Пожарник передернул плечами:
— Не знаю, сынок. Не думаю, что скоро. Пожар-то не потушить — наверное, придется валить дом.
— Ладно, спасибо…
Я постоял на дороге, соображая, что мне делать, посмотрел, как ветер треплет клочья дыма, а потом поднял с земли байк и поехал обратно на ферму. Я ехал небрежно, газовал где не положено, а в голове у меня не прекращалось истерическое верещанье: «Хватит! Не надо больше! Довольно!» На повороте на Эппли я едва не вылетел из седла. Машину понесло к обочине, я затормозил ногой об изгородь, снял руку с руля и с полминутки постоял, делая глубокие вдохи. А потом отправился дальше.

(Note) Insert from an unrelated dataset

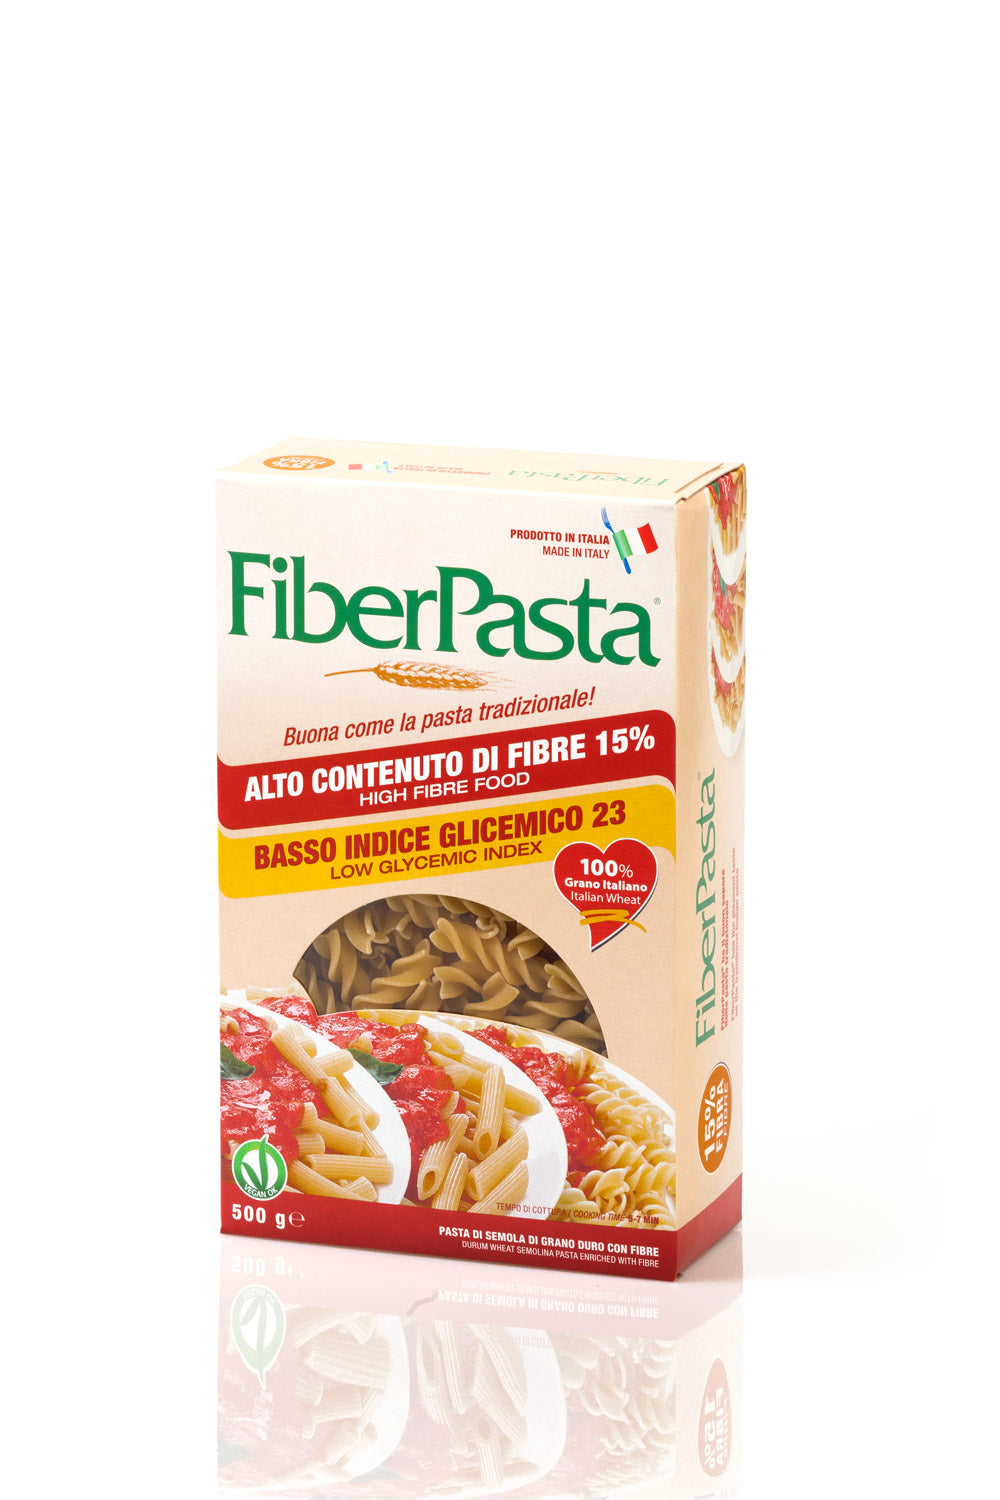 Pasta a basso indice glicemico e ad alto contenuto di fibre - pacchetto iniziale (oS)

На ферме меня ждала записка от Спайка, которую он просунул под дверь трейлера:
Эл. Пришлось уехать, ко мне вчира преходили. Сл. Б. меня не было дома, но я их увидил на заднем дворе. Дурь у меня. Когда устроюсь, сообщу. Спайк
Я читал записку, когда из дома вышел мистер Эванс.

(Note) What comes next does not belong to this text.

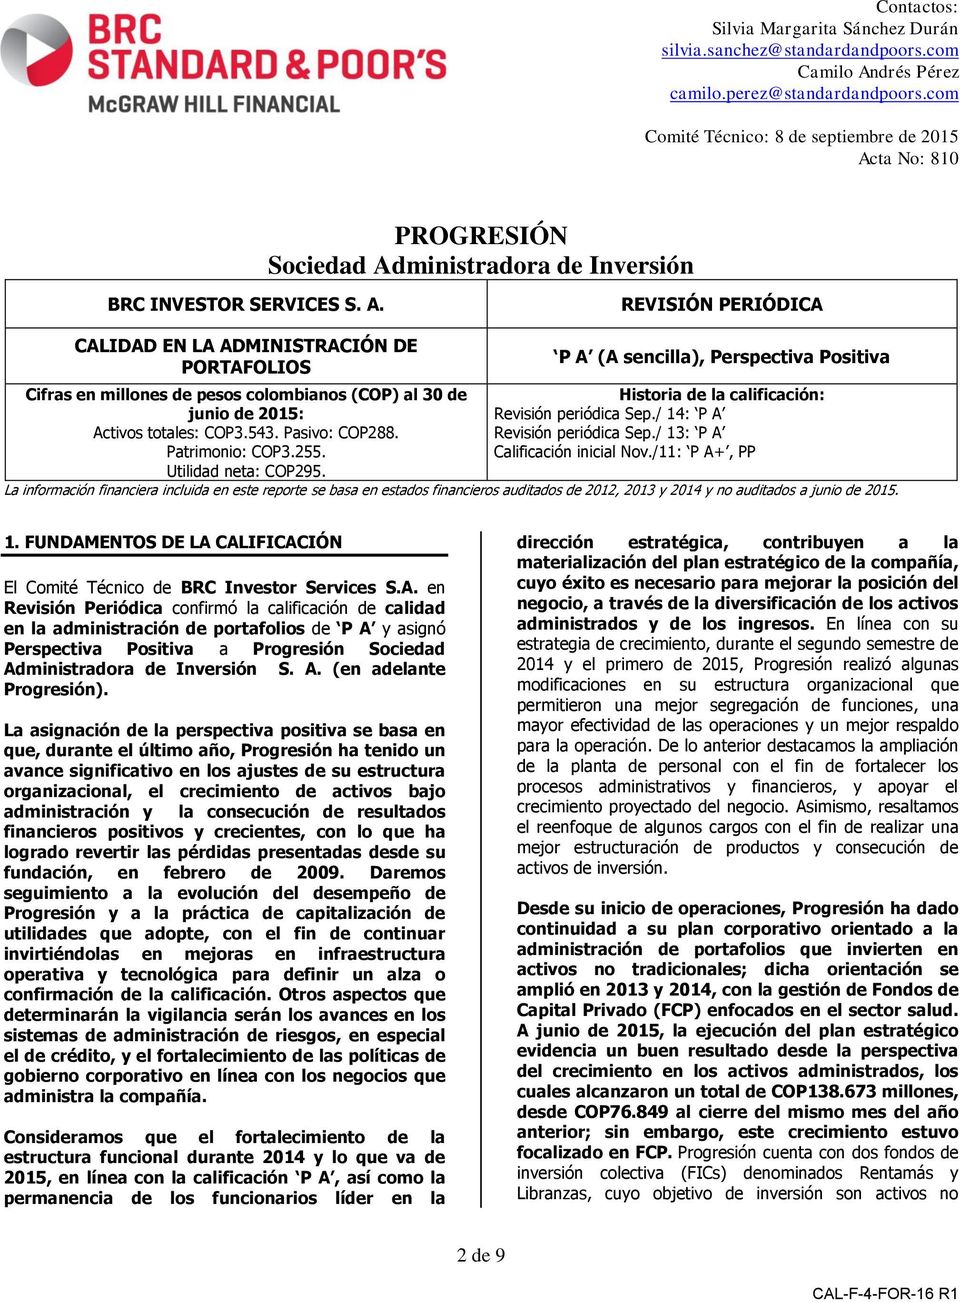 ta No: 810 PROGRESIÓN Sociedad Administradora de Inversión BRC INVESTOR SERVICES S. A. REVISIÓN PERIÓDICA CALIDAD EN LA ADMINISTRACIÓN DE PORTAFOLIOS Cifras en millones de pesos colombianos (COP) al 30 de junio de 2015: Activos totales: COP3.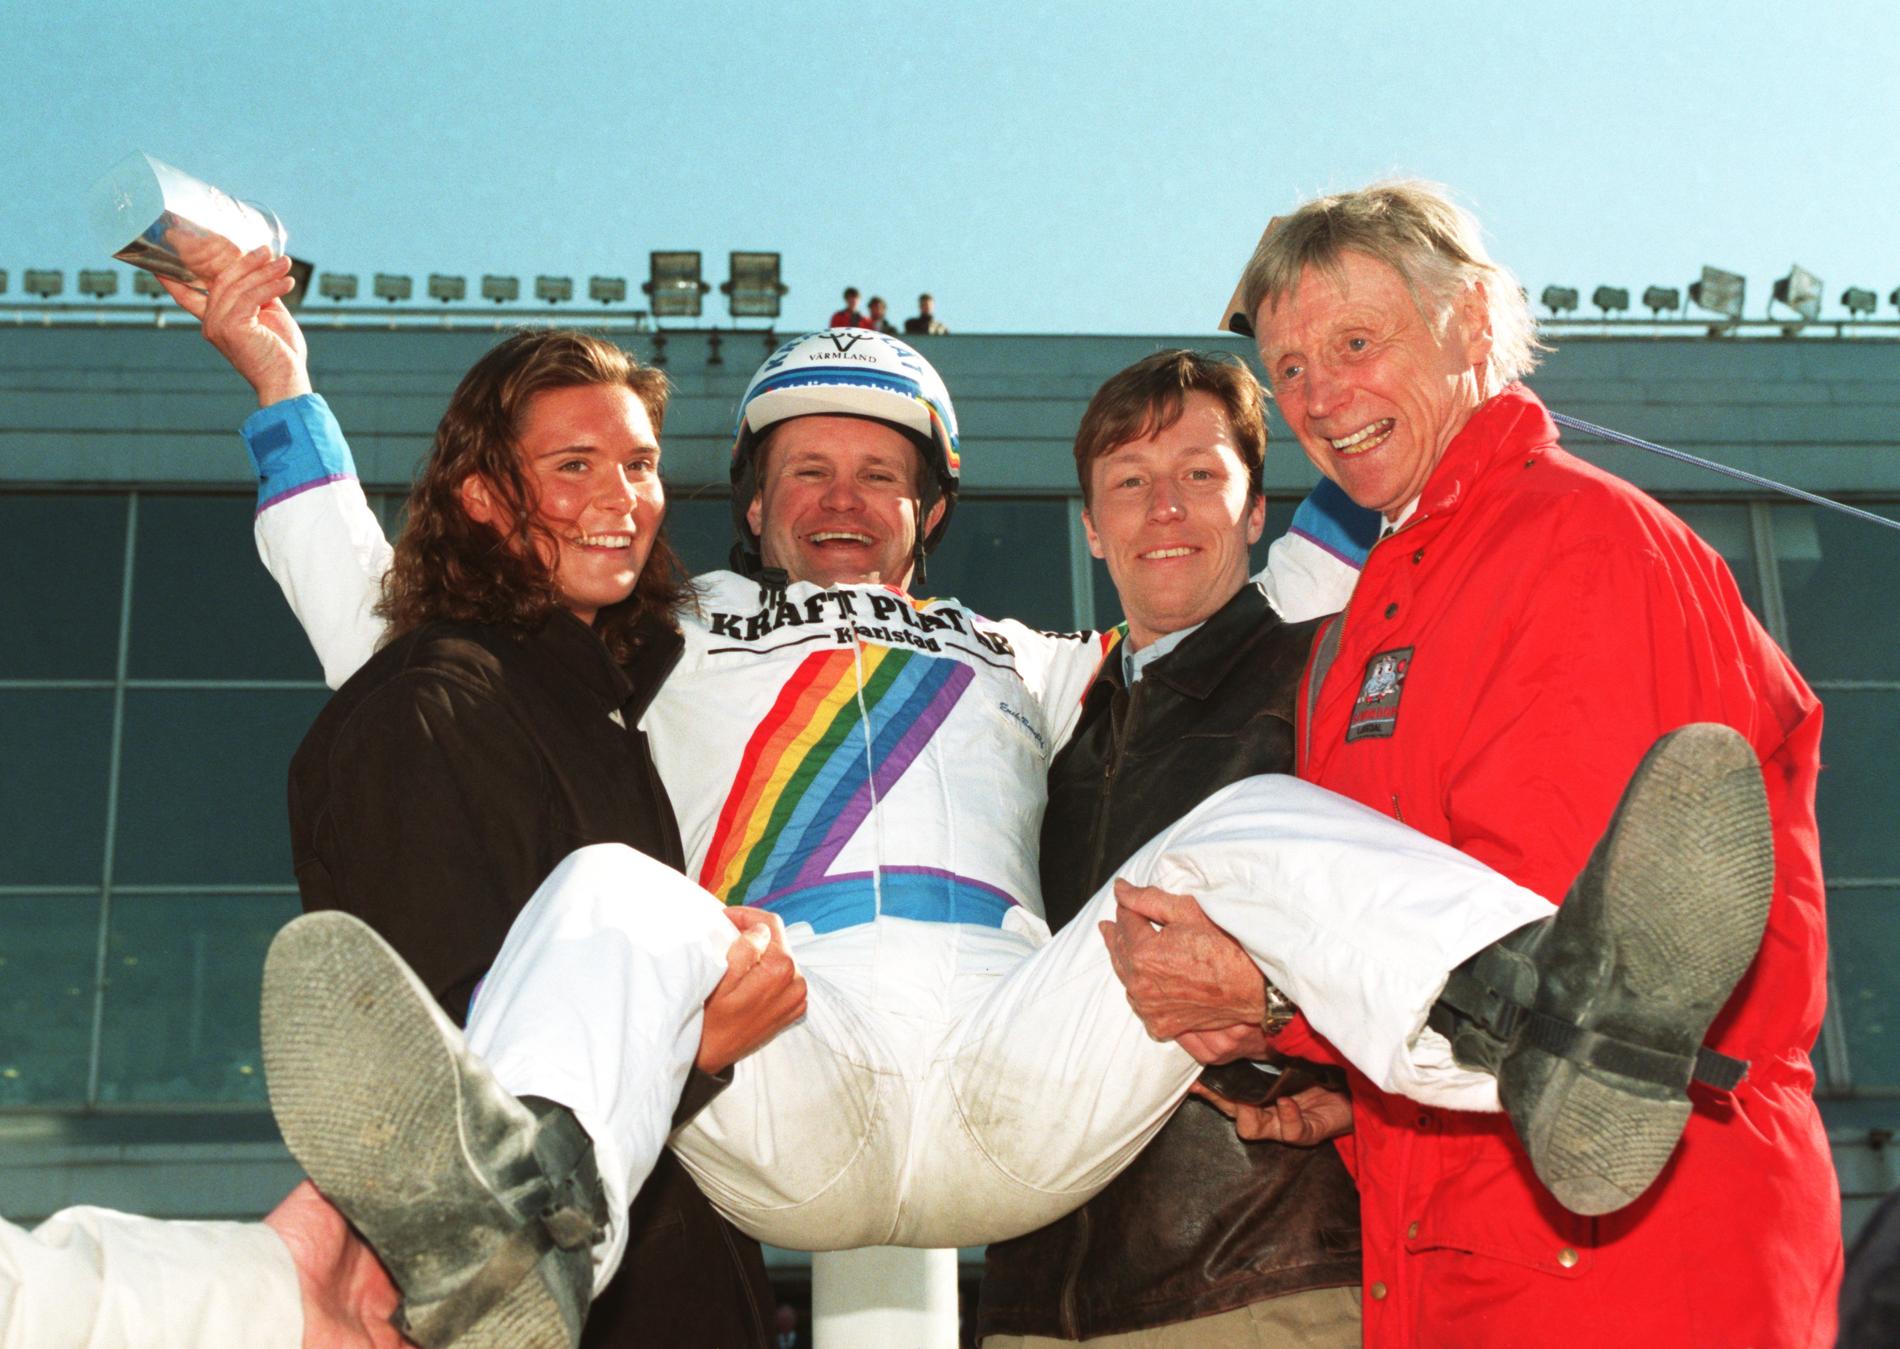 Erik Berglöf hissas av simmerskan Louise Karlsson och bordtennisspelaren Jan-Ove Waldner efter segern i Olympiatravet 1994 med Copiad.

— О, ты разминулся со своим другом, — сказал он. — Он недавно заезжал.
— Да? А что он говорил?
— Да ничего. Похоже, сильно спешил.
— Спасибо, — растерянно сказал я, пытаясь унять обрывки гневных мыслей, что вертелись в голове. «Сколько можно?», «Зачем?», «Я устал!». Я действительно устал. Устал жить в постоянном страхе из-за чужой глупости, устал от нелепых смертей, от панических мыслей. Я хотел вернуть все назад. Назад, к тому времени, когда я переехал в трейлер мистера Эванса, когда я мог наблюдать за птицами, ни о чем не беспокоясь. Мог сделать себе чашку чая и выпить ее — неторопливо, смакуя каждый глоток. Или оседлать «хонду» и рвануть куда глаза глядят, просто так. А сейчас? До меня вдруг дошло, что мне давно пора поговорить кое с кем, и лучше сделать это не откладывая. Оставалось только надеяться, что они на месте, но если нет — какая к черту разница! Все равно человек должен делать то, что должен, даже если у него есть другие варианты!

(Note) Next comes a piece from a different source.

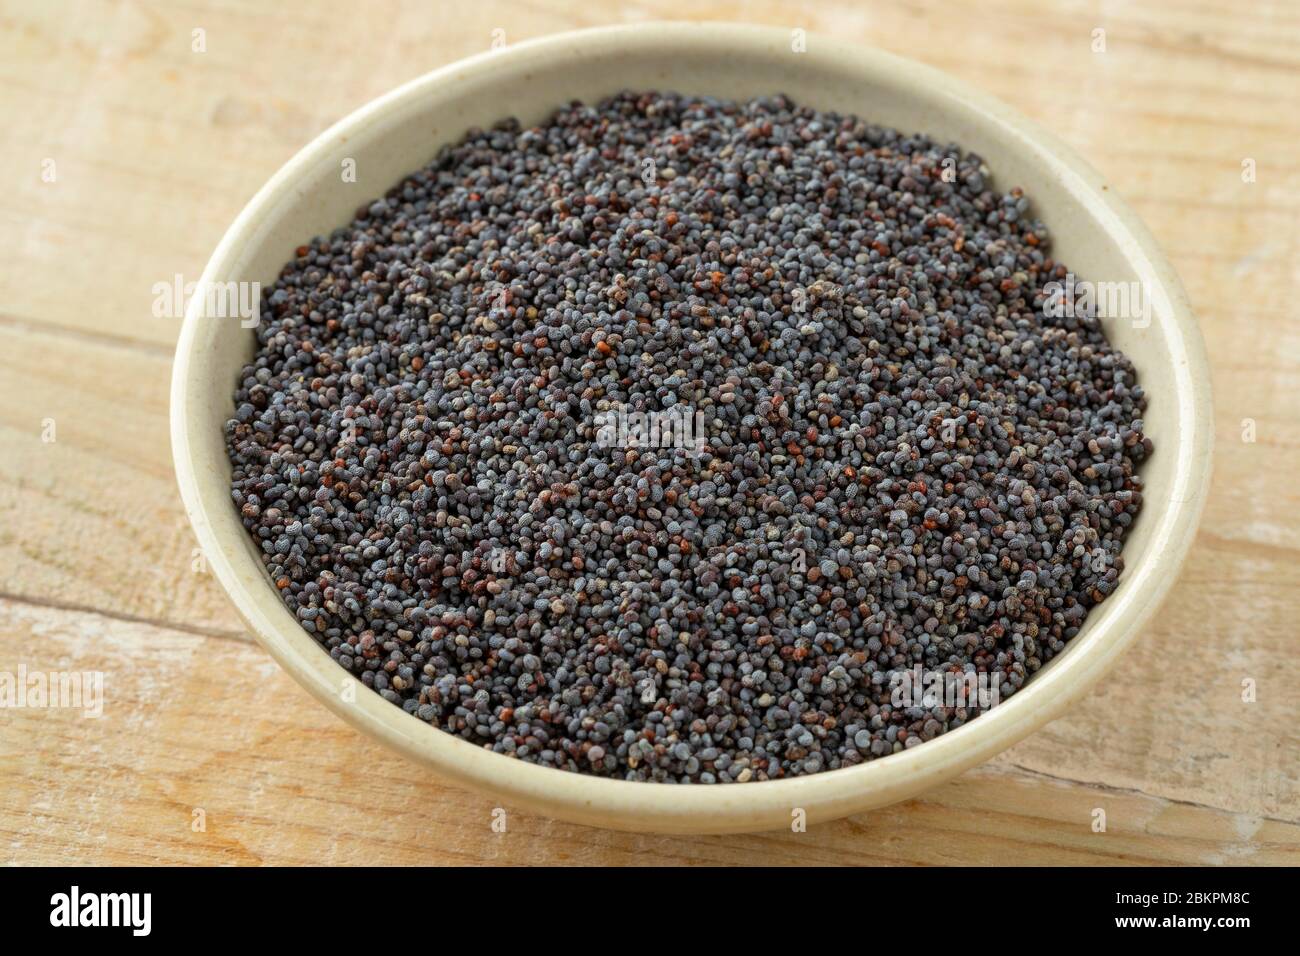 Cuenco con semilla de amapola negra como ingrediente Foto de stock

Я доехал до телефонной будки в Эппли и бросил «хонду» в кусты. Я шел на риск, огромный риск, почти такой же, как если бы я решил прыгнуть с моста в реку, привязав себе на шею камень. Я это знал, но выбора у меня не было. Так как меня уже заперли в ловушку, в ловушку, которая стояла на полу страшной темной пещеры. Я слышал доносящиеся из темноты этой пещеры шорохи и шепоты и все прочее, что воображение может различить среди ночи.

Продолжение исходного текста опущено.